Katharina Fegebank will Hamburg künftig als Erste Bürgermeisterin regieren. Im Interview mit t-online spricht die Grünen-Politikerin über ihre Lieblingsorte, das Ampel-Aus und Abschiebungen.
Seit zehn Jahren regiert Katharina Fegebank mit den Grünen Hamburg bereits als Juniorpartnerin an der Seite der SPD. Erst war Olaf Scholz Bürgermeister, seit 2018 ist es Peter Tschentscher. Wenn am 2. März um 18 Uhr die erste Prognose zur Bürgerschaftswahl kommt, will die 47-Jährige mit ihrer Partei die Nummer 1 der Stadt sein.

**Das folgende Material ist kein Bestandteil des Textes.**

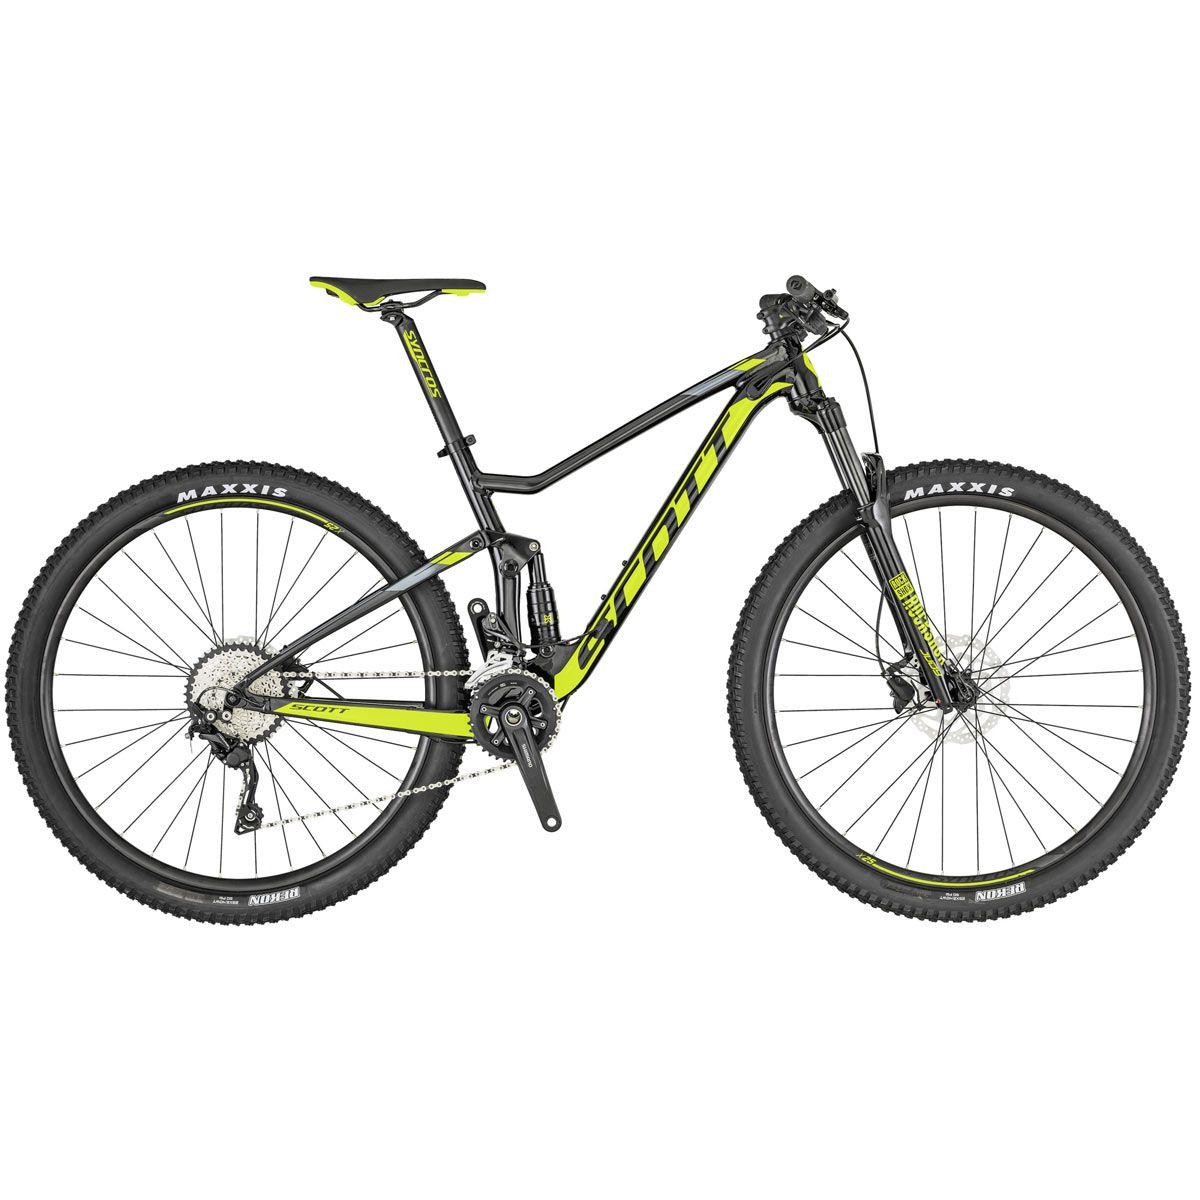 Bicicleta Scott Spark 970 Aro 29
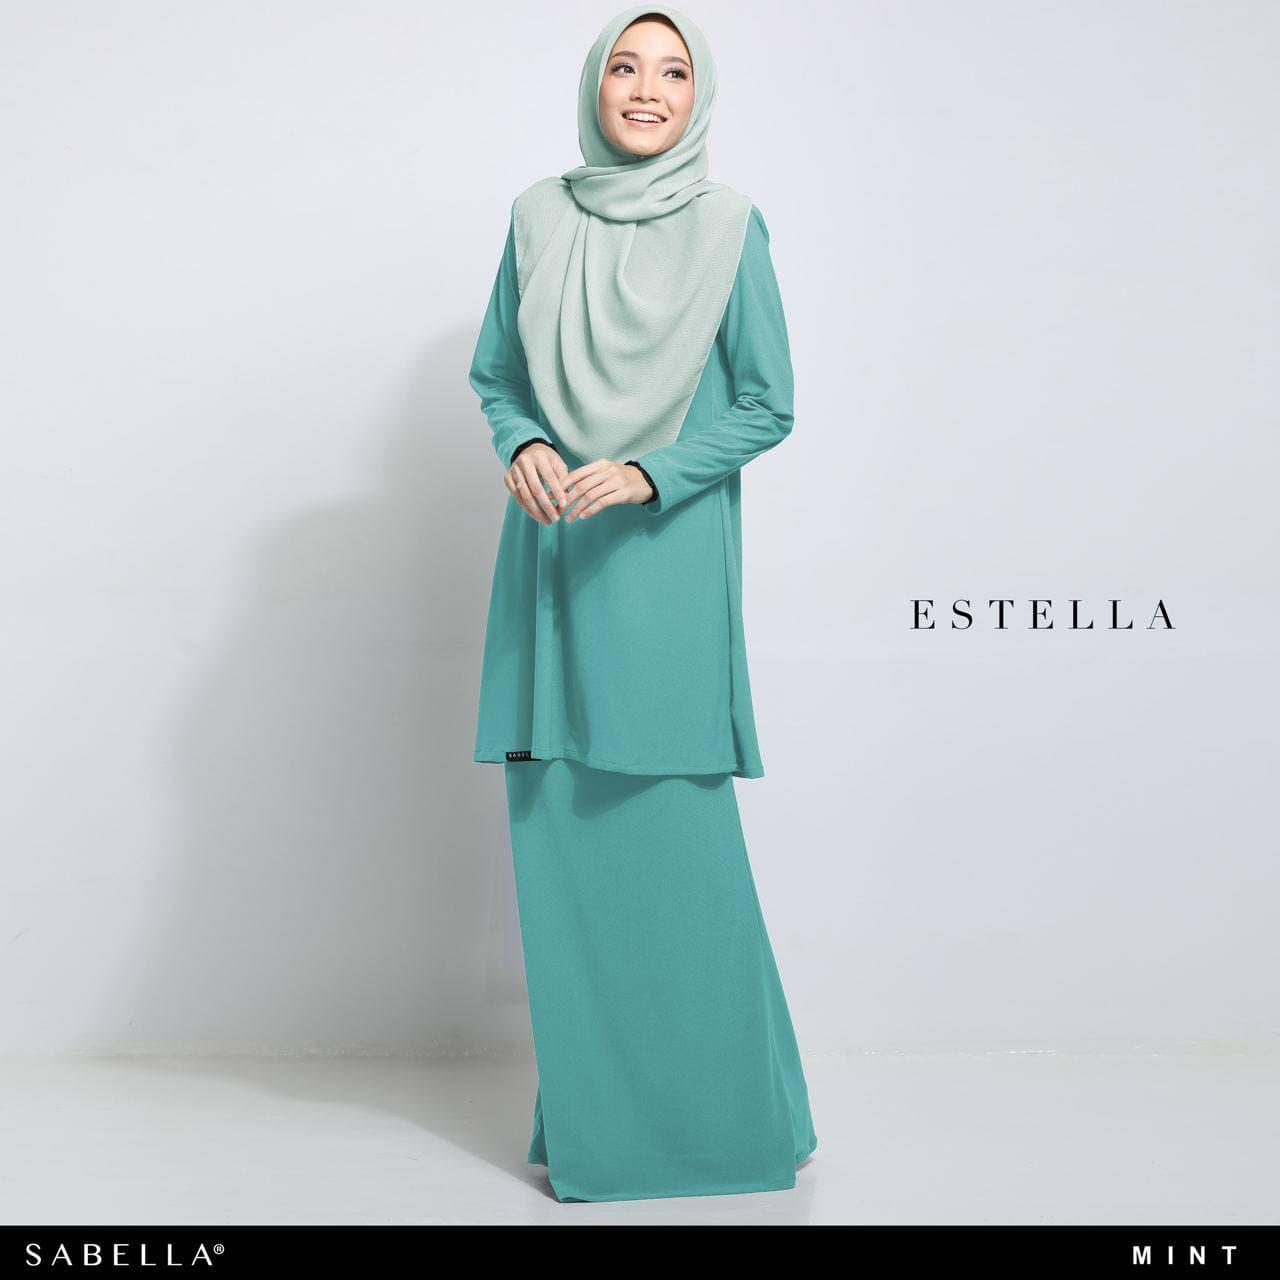 Estella 2.0 Mint (R)
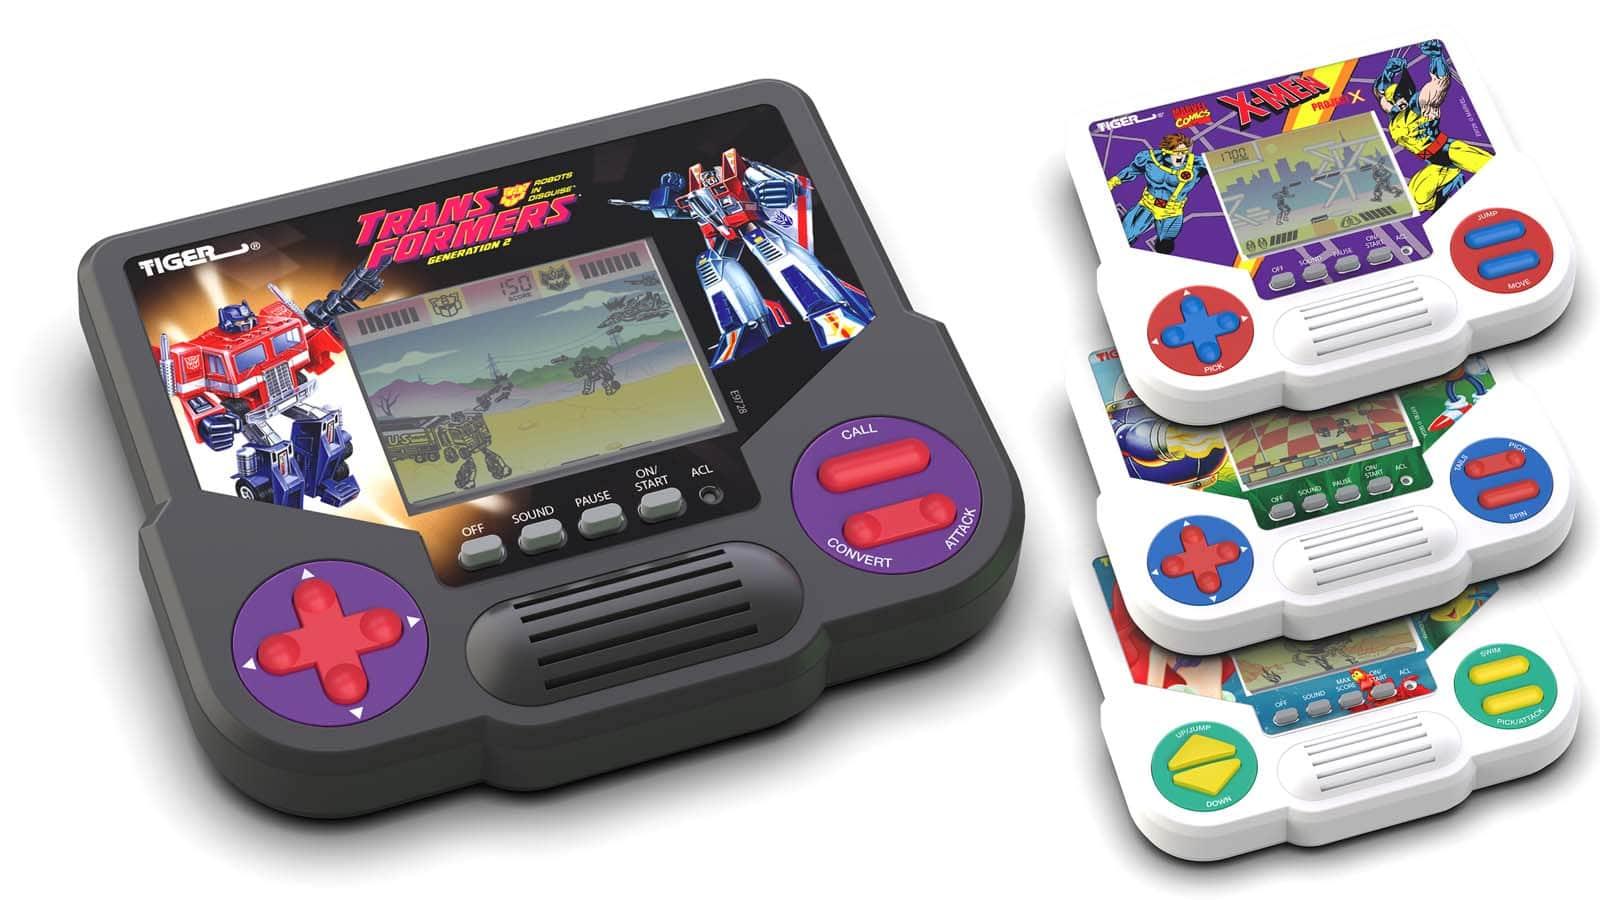 tiger sonic 3 tiger handheld games

Was unter ihrer Führung anders laufen würde, was sie an der rot-grünen Koalition schätzt, wie schwierig der Doppelwahlkampf in diesem Winter ist, wann Abschiebungen auch für die Grünen notwendig sind und ob sie sich vor Elon Musk fürchtet, darüber hat Katharina Fegebank im Interview mit t-online gesprochen.
t-online: Frau Fegebank, mal angenommen, Sie wären Touristenführerin: Welche drei Orte in Hamburg empfehlen Sie, um die Stadt kennenzulernen?
Katharina Fegebank: Die Elbe ist ein absoluter Sehnsuchtsort für mich, weil sie die Lebensader der Stadt ist und gleichzeitig für Freiheit steht. Den Ohlsdorfer Friedhof finde ich beeindruckend: Es ist der größte Parkfriedhof der Welt und er strahlt für mich das Grüne in einer hochverdichteten Industriemetropole aus. Als dritten Ort nehme ich die Science City in Bahrenfeld. Dort treffen sich Tausende internationale Wissenschaftler, um gemeinsam an den Ideen von morgen zu arbeiten. Für mich ist das ein faszinierender Zukunftsort, den jeder gesehen haben sollte.
Der Slogan Ihrer Kampagne lautet "Herz. Verstand. Fegebank". Was genau wollen Sie damit ausdrücken?
Herz und Verstand ist der Ansatz, mit dem wir Grünen in den vergangenen zehn Jahren Hamburg mitregiert und mitgestaltet haben: Nah dran an den Menschen und ihren Themen, gleichzeitig packen wir Dinge mit Leidenschaft, kühlem Kopf und klaren Ideen an.
Wie würde eine Bürgermeisterin mit Herz und Verstand Hamburg führen?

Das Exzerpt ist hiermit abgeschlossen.